Luckily, no one was hurt. However, David remembers “you could see the destruction of the storm to the entire Caye”. It took him close to five months to repair his boat, before he could return to the life of a fisher.
Similarly, getting ready for the opening of the lobster season, in many instances, takes a few months.
After repairing and/or painting their boats during the closed season, final preparations for going out to sea are then made about two days before the June 15-opening of the lobster season. “You have to have a plan and ensure that you have … provision, water and ice,” he said. David and his brothers, initially, would spend between 12 -15 days at sea so we could keep watch that pirates don’t steal our traps. We would start fishing early in the morning around 6:30 or 7 o’clock. After the lobster season opens, the days at sea would decrease to about 6 or 7. “Nowadays, I dive and use traps and shade [which is used to lure the lobsters].” Quite different from many years ago when most fishers would use lines to fish.
David says the traps work better when there is a north wind blowing around November-December; while the shades would work during the summer months when the weather is warmer.
But, there was a time in his fishing career when David felt like giving up.
It happened when one of his sons had fallen ill. David said he was not making enough money to seek medical treatment for his 12-year-old son, who developed a health issue for which he needed to conduct further tests to find out the cause. “I had to bring my son to Belize for a CT Scan to try and figure out what was wrong. We didn’t have enough money,” he added. David expressed that he started to farm when he began losing money as a fisher because he was unable to receive good prices for fish and other seafood.
It was then that David reached out to National Fishermen Producers Cooperative Society Limited for financial assistance, with the promise that he would return to fishing.
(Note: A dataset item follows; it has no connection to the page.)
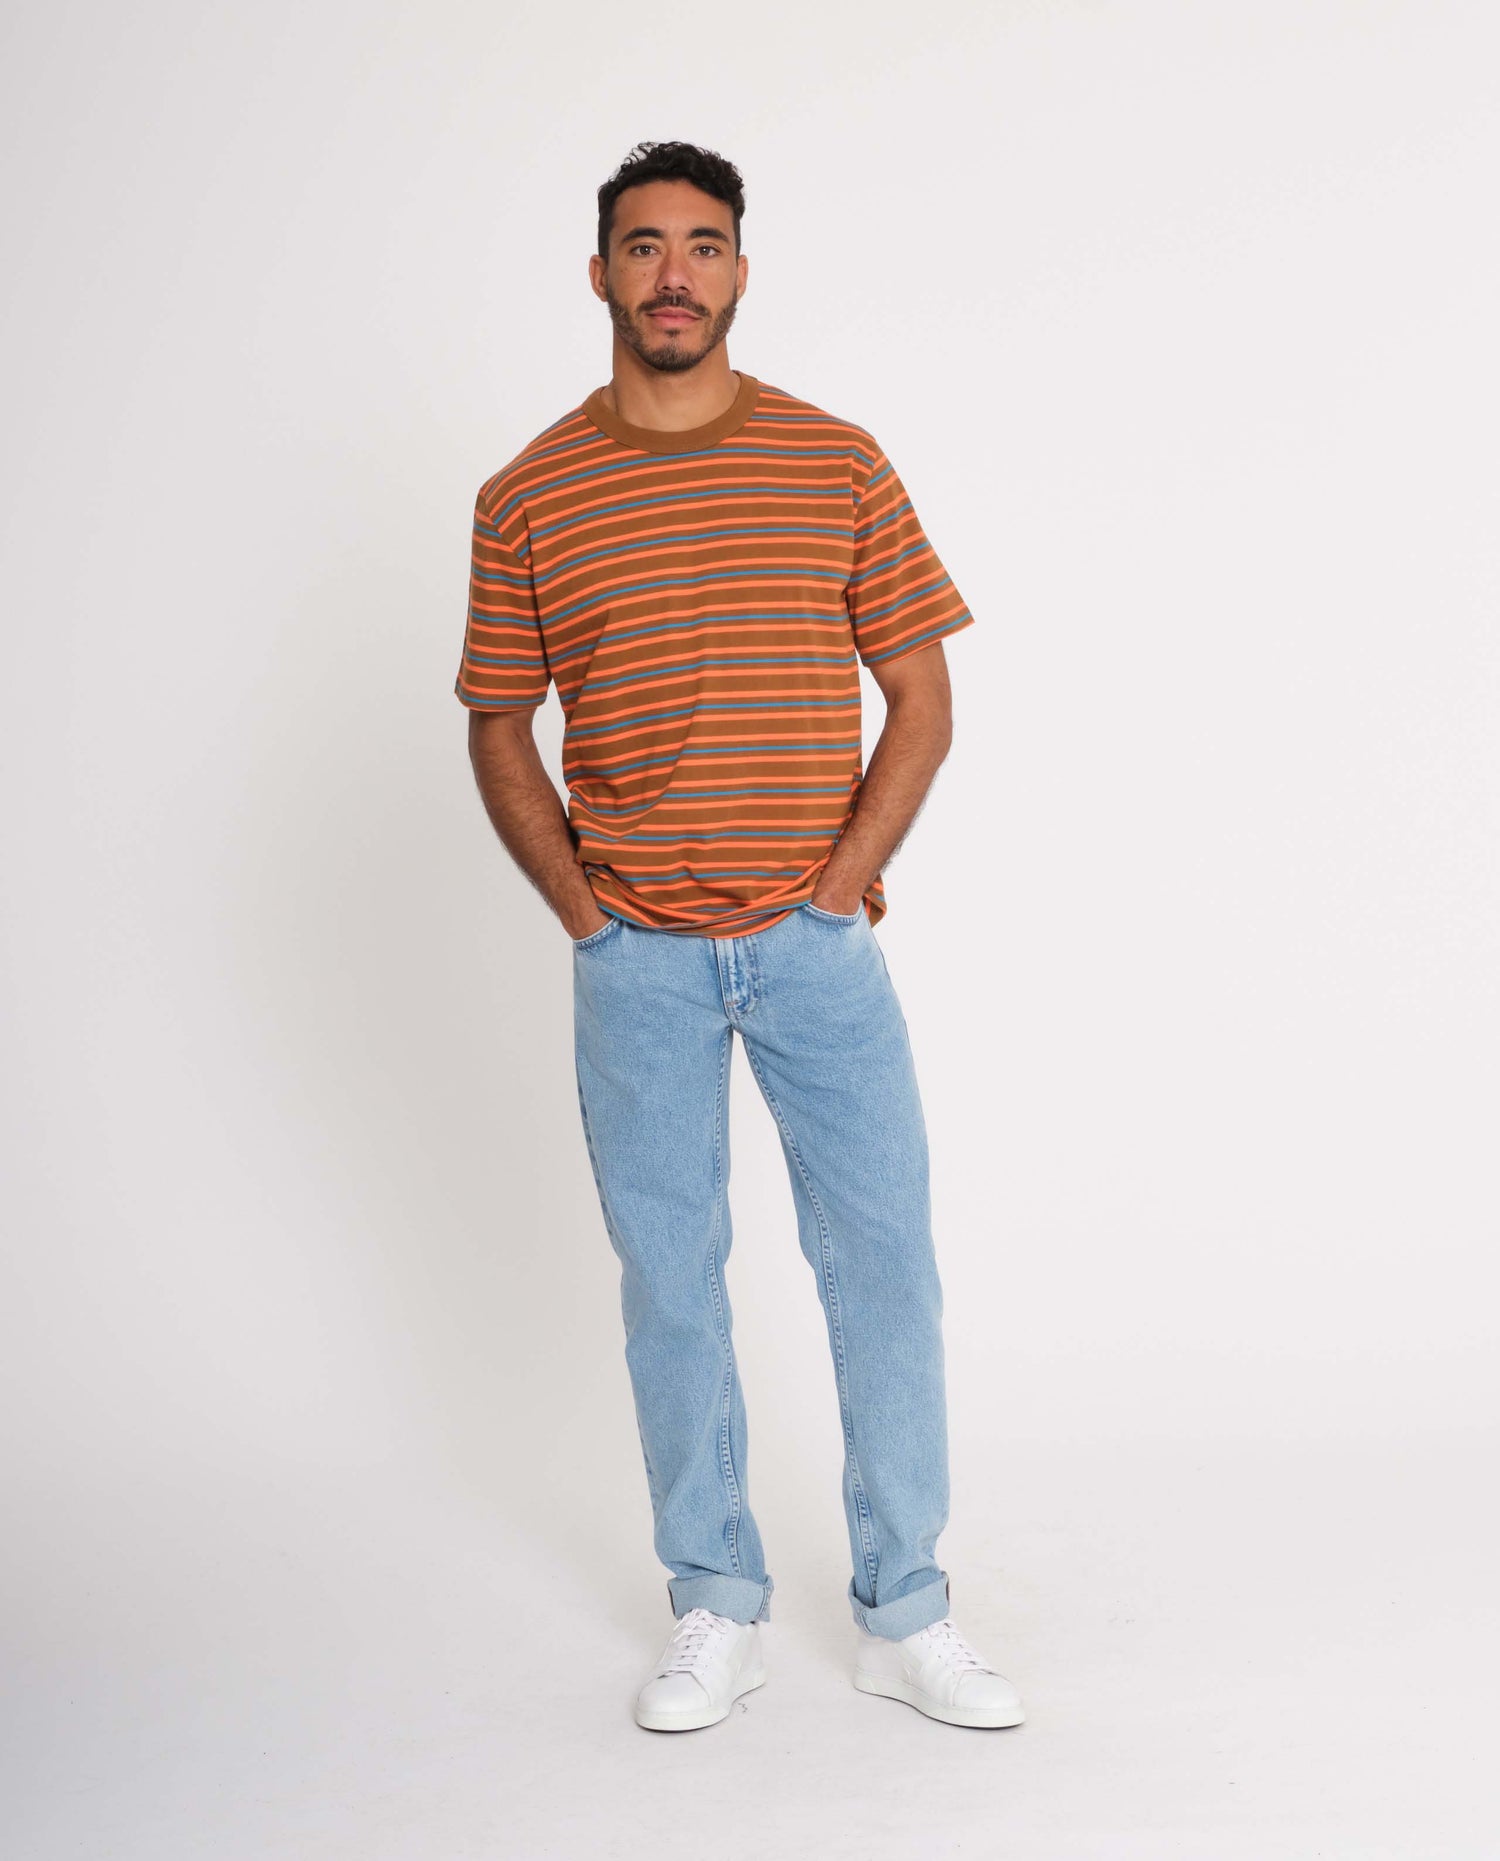 marché commun loreak mendian homme t-shirt coton manches courtes rayures orange bleu

“With the help of Ms. Barbara Bradley, of National Fishermen Cooperative Society Limited, David received financial assistance to pay for his son’s medical care. David encourages other fishers to join some kind of union or cooperative. He explains that there are several advantages such as Christmas bonuses (for qualified members); scholarships; and death benefits for family members of deceased fishers.
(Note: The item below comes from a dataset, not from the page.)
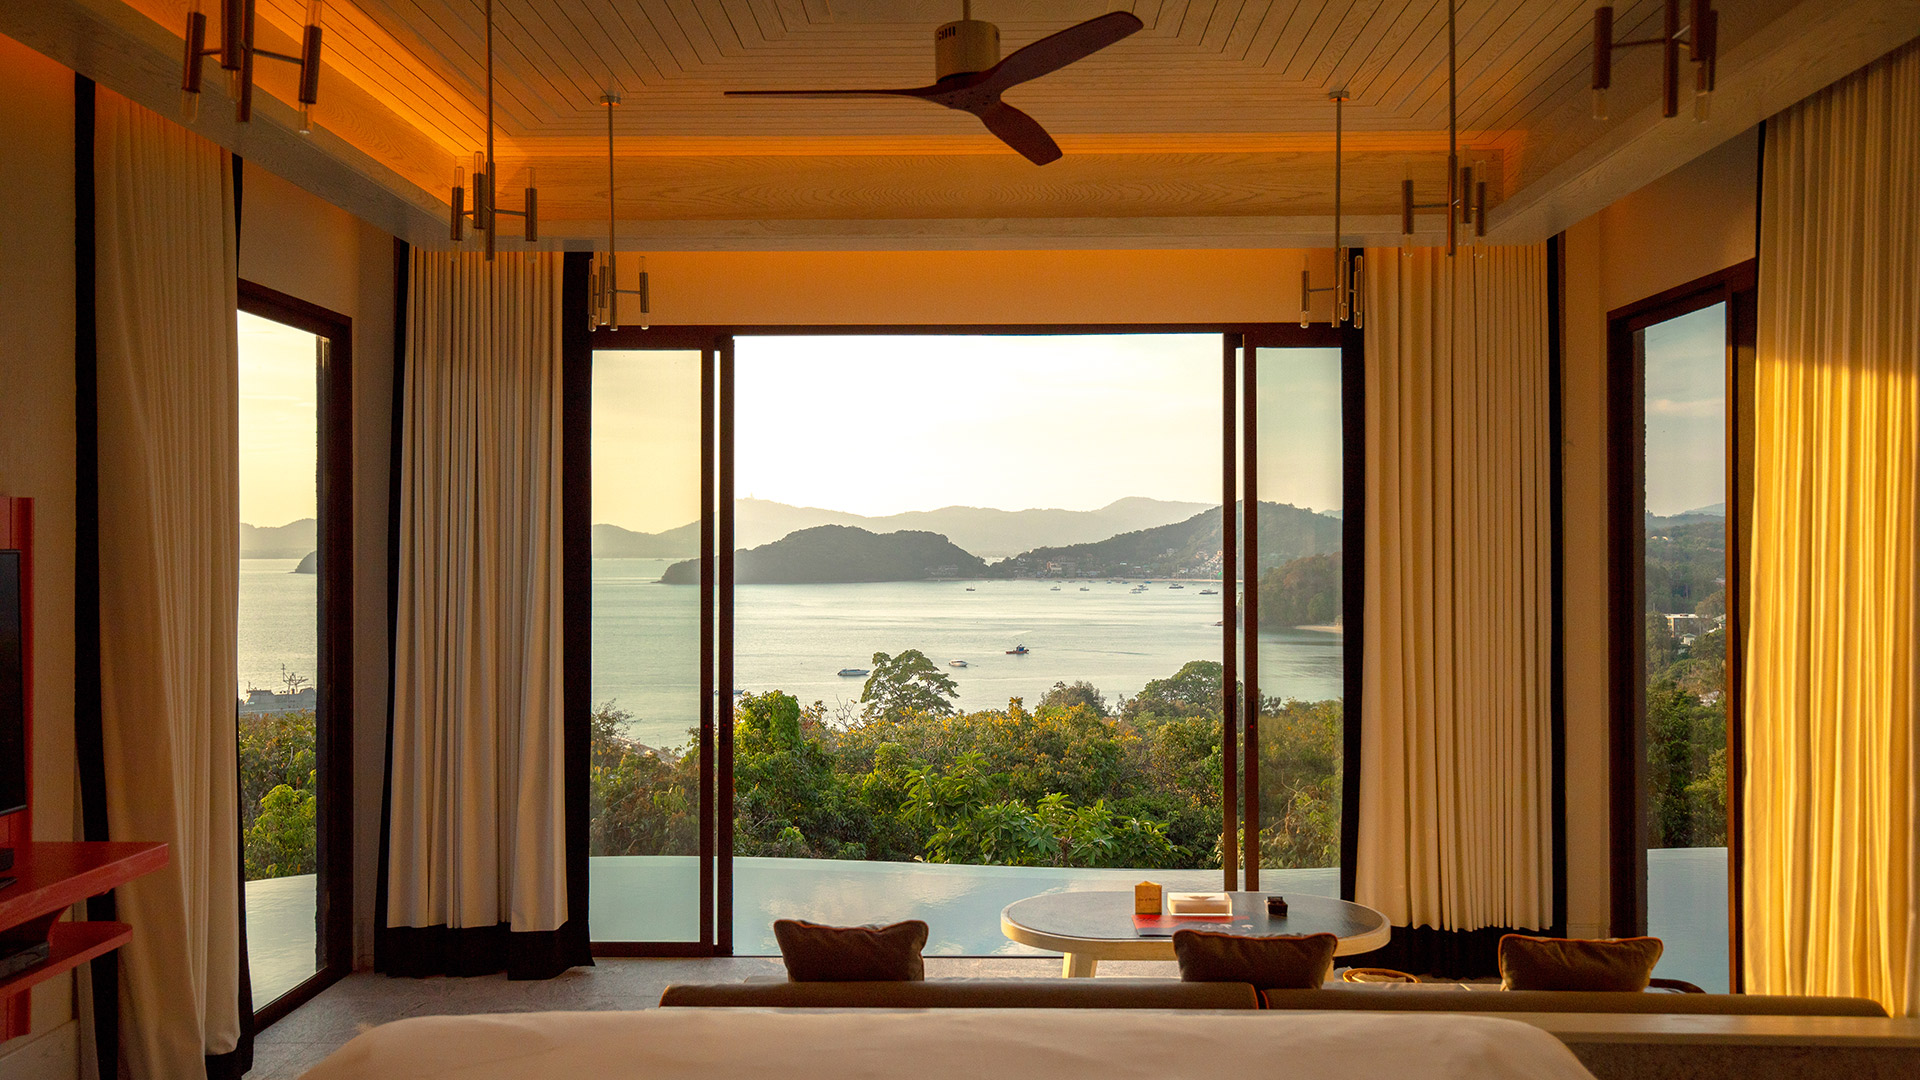 4br luxury residential pool villa phuket residence 6 star hotel

Additionally, David says there are small loans available for members of the cooperative. “There are certain rules and regulations which govern the distribution of loans, the main one being a responsible fisher,” he states.
Although the support of outsiders is important to him, Tar says it is his family who are his biggest supporters. His wife of almost forty years, along with their 4 grown girls and 2 grown boys, are proud of David being selected as the 2018 Fisher of the Year. His son Govany, in nominating his father, wrote that his father “…Abides by the rules of fishing and does his best to help the villagers of Copperbank. He is a great father”.
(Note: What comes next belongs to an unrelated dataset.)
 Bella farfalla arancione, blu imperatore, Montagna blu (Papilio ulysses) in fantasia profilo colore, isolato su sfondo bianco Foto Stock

It is this friendship which David shares with many of the residents of Copperbank
that landed him the nickname Tar. “They call me Tar because I am a friend to everyone. Once they get to know me, they end up sticking to me like tar,” he laughed.
David encourages fishers to join a union or cooperative in order to take advantage of several benefits they offer, including small loans, Christmas bonuses and burial aid for their loved ones. He also reminds fellow fishers that in order for them to have the resources available for a long time, they need to be responsible for those resources.
He emphasizes that it is the only way they will be able to provide fish, conch, and lobster for their family and the Belizean people. “We need to do the right thing, we need to fish in the right way in order to continue doing this. If we don’t fish right, then we will end up losing what we like to do in life.”